# Alt-Teile-Sammlung



## Schwarzspecht (30. Mai 2008)

Hallo,

nachdem ich momentan gerade dabei bin, aus meinem Uralt-Trek und einer freundlichen "Rahmen"-Spende (nochmals Danke Jürgen, das Radl wir deinen Namen bekommen!) eine neue Stadtschlampe aufzubauen, hatte ich die Idee für einen Kumpel ein Low-Budget Hardtail aufzubauen - aus dem was dann noch übrig ist und was man evtl. hier an Spendenteile bekommen kann.

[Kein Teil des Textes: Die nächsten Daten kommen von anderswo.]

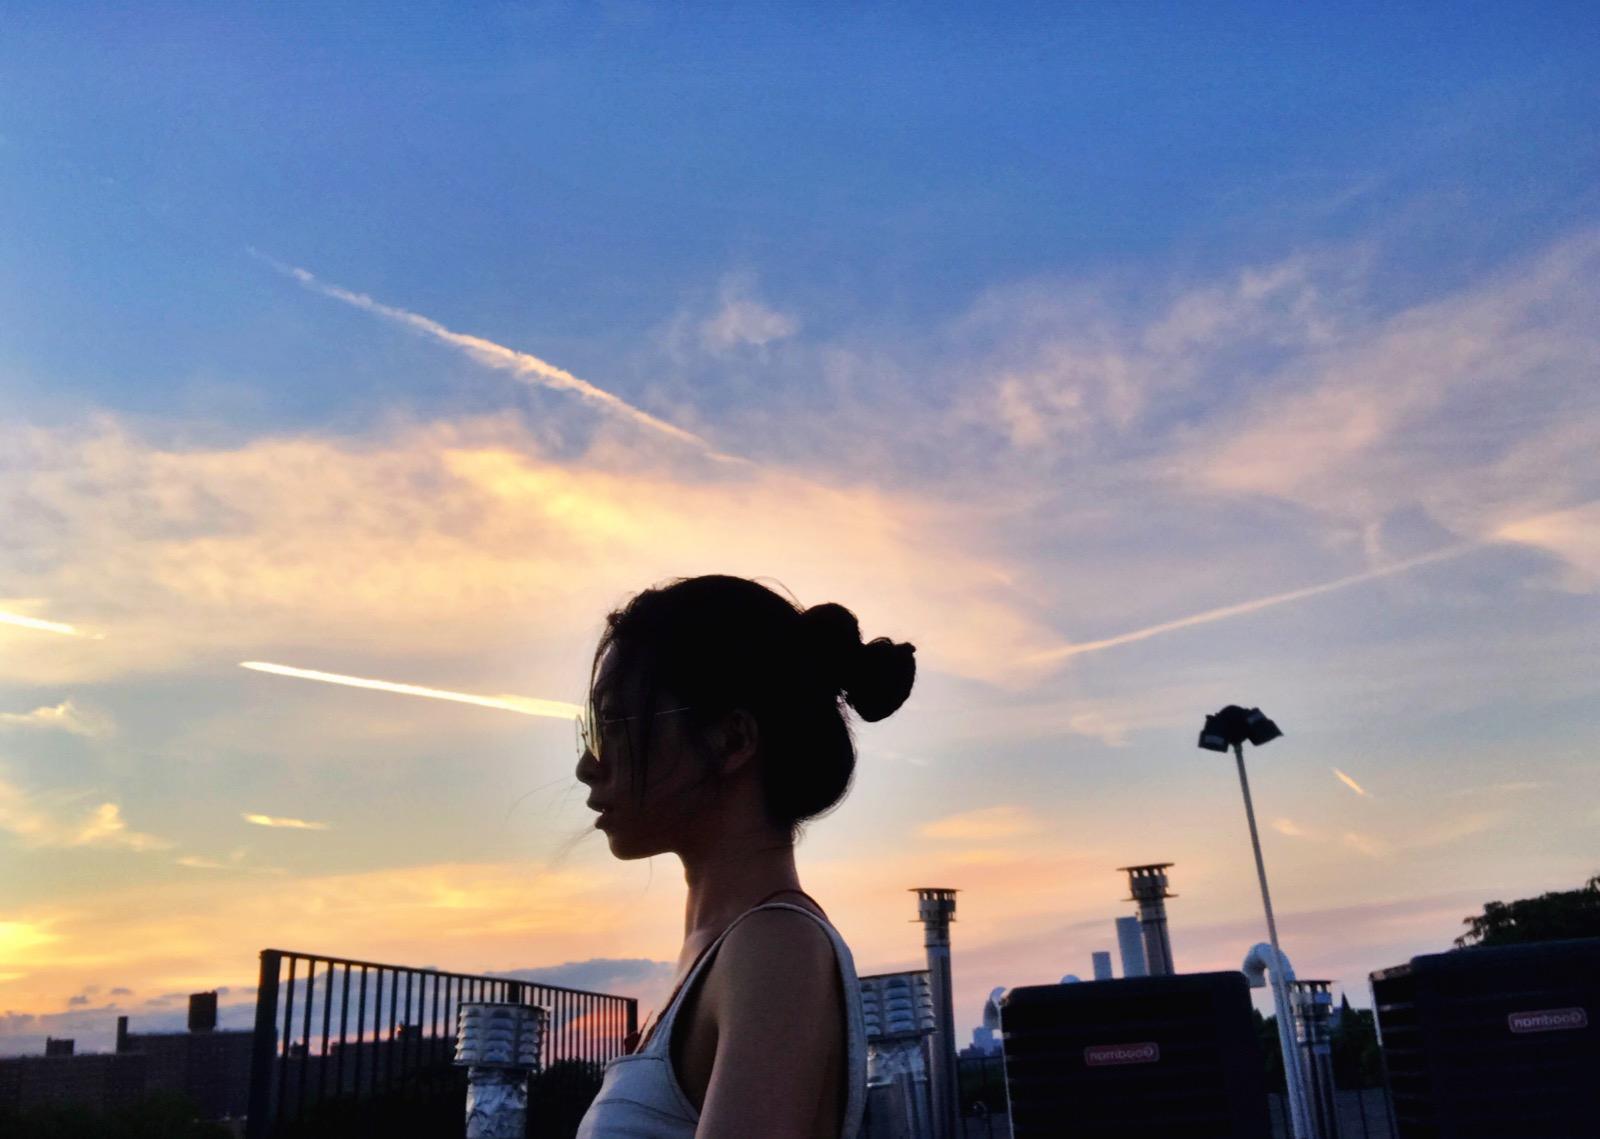 Watching the Moon,Bedstuy,Brooklyn,NY 2016
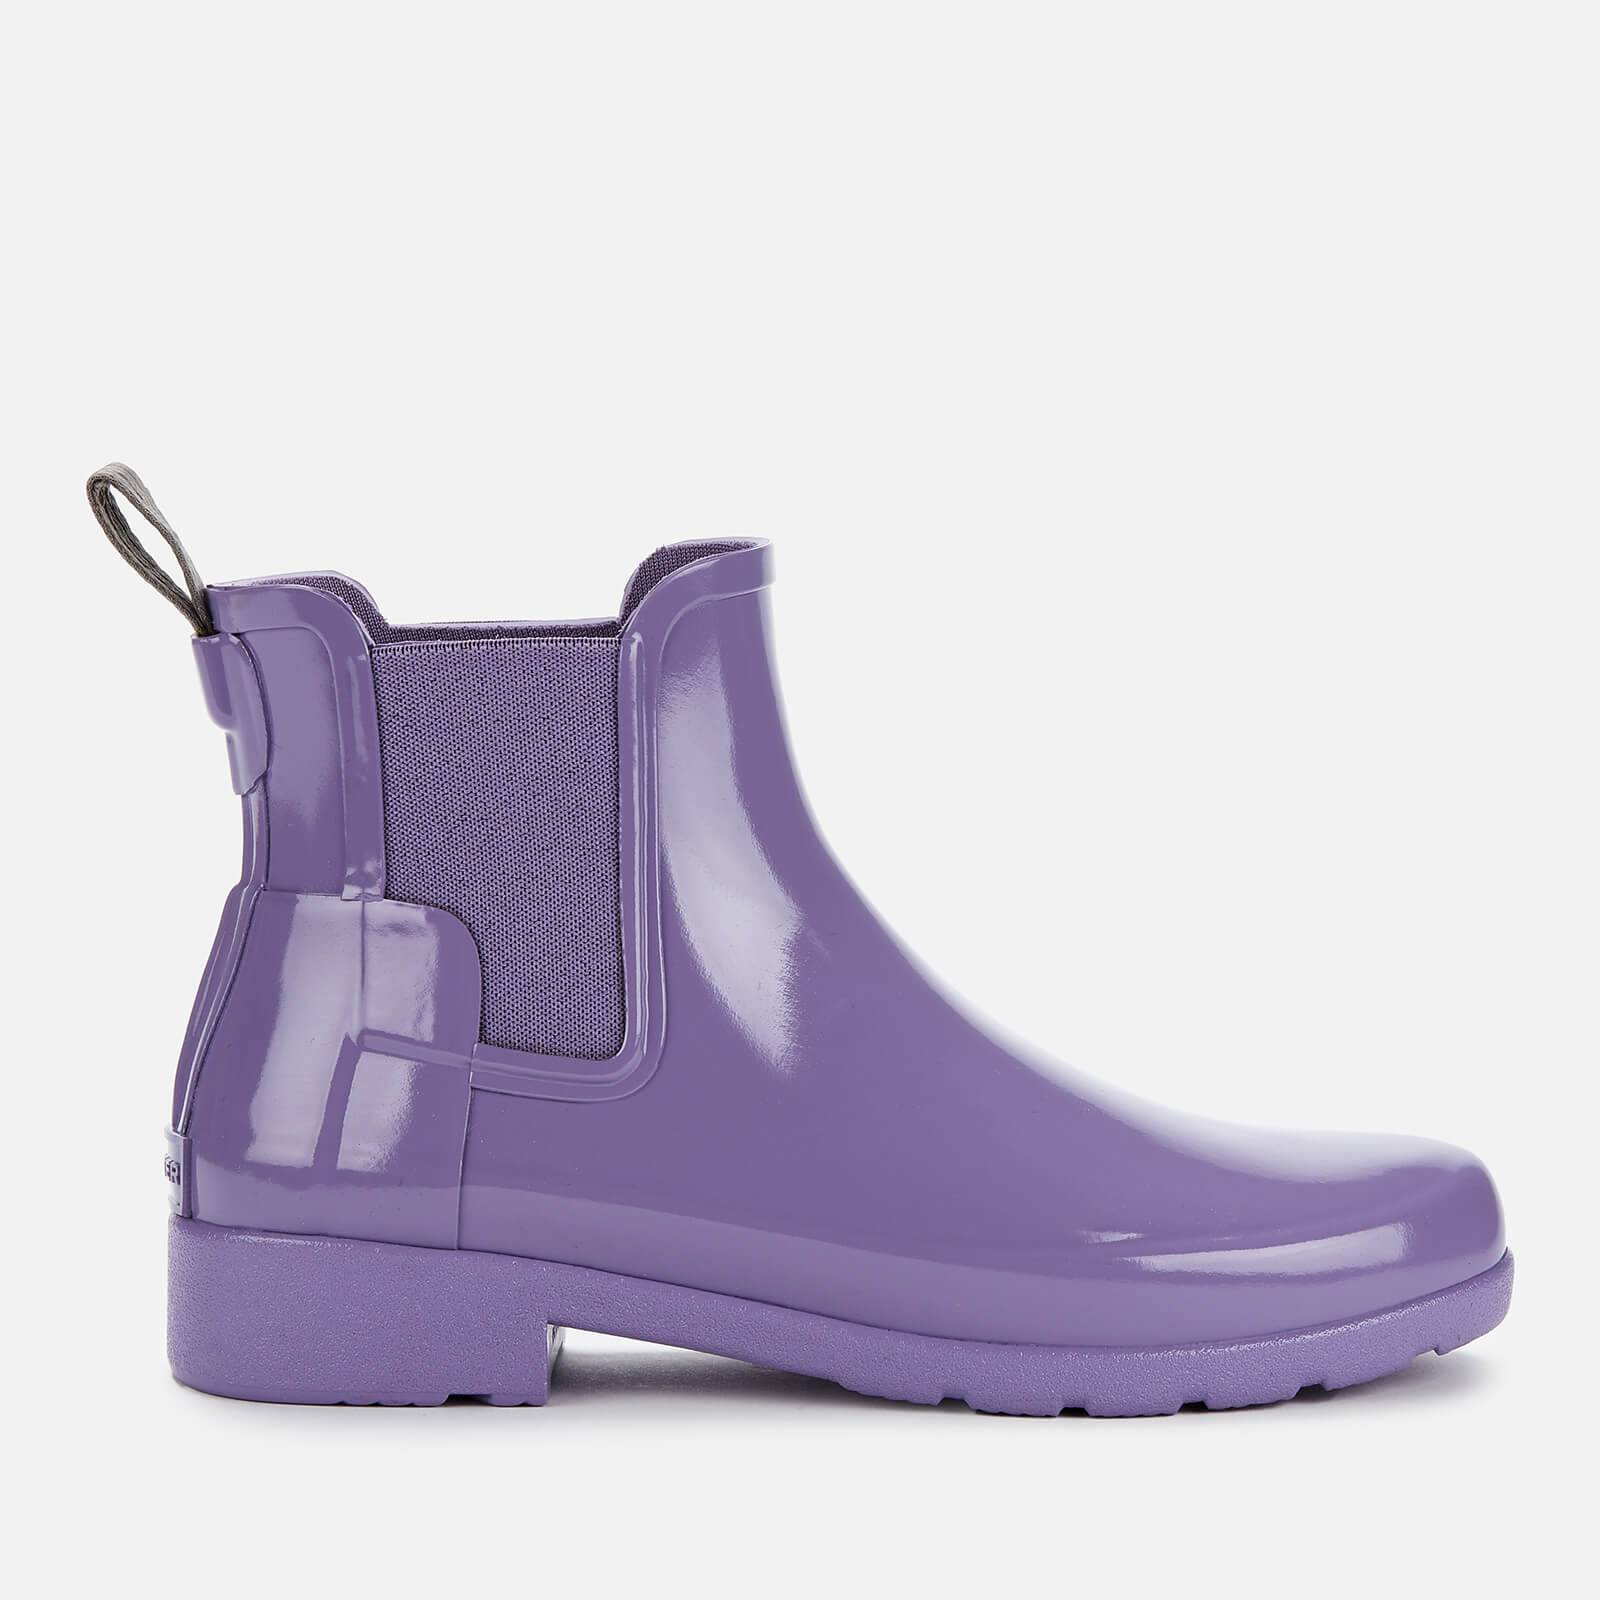 Hunter Women's Original Refined Gloss Chelsea Boots - Parma Violet - UK 5 - Purple

Also: suche Altteile, die zu Schade zum Wegwerfen aber für ebay schon zu alt oder abgenudelt sind, Hauptsache es funzt noch (eine Weile). Habe:

> RS Julie
> Laufräder (muss ich aber noch checken)
> älteres DX Schaltwerk (7fach?)
> Sattel
> div. Kleinteile

Rest "fehlt", also: ab in den Keller - ist für einen guten Zweck, der gute Mann hat wirklich ein paar Kilo zuviel auf den Rippen ;-)


----------



## andi1969 (31. Mai 2008)

2x Scott Reifen 26x2.0.....brauch die Teile, nicht kaufen willse auch keiner,also spende ich die Teile


----------



## MTB-News.de




----------



## Schwarzspecht (31. Mai 2008)

andi1969 schrieb:


> 2x Scott Reifen 26x2.0.....brauch die Teile, nicht kaufen willse auch keiner,also spende ich die Teile



Mille Grazie - dafür besorg ich dir mal ein Paar Michelins für lau ...


----------



## Eike. (31. Mai 2008)

Ich hab noch einen verstellbaren 1 1/8" Ahead-Vorbau.


----------



## Schwarzspecht (31. Mai 2008)

Eike. schrieb:


> Ich hab noch einen verstellbaren 1 1/8" Ahead-Vorbau.



immer her damit, und danke!


----------



## black soul (31. Mai 2008)

hi wolfgang

hab da eine ältere LX mit 3 blättern und innenlager. die war so stahlblau
68 er  breite. nur die eine schraube zum kurbelbefestigen links fehlt leider. sattelstütze ritchey ich glaub 27, 4 , dürfte um die 30 cm lang sein. ritchey skuzzy logic steuersatz, ich hoffe der ist komplett.
wenn du es brauchen kannst gerne, sag mir wie  die übergabe sein soll.


----------



## Schwarzspecht (31. Mai 2008)

black soul schrieb:


> hi wolfgang
> 
> hab da eine ältere LX mit 3 blättern und innenlager. die war so stahlblau
> 68 er  breite. nur die eine schraube zum kurbelbefestigen links fehlt leider. sattelstütze ritchey ich glaub 27, 4 , dürfte um die 30 cm lang sein. ritchey skuzzy logic steuersatz, ich hoffe der ist komplett.
> wenn du es brauchen kannst gerne, sag mir wie  die übergabe sein soll.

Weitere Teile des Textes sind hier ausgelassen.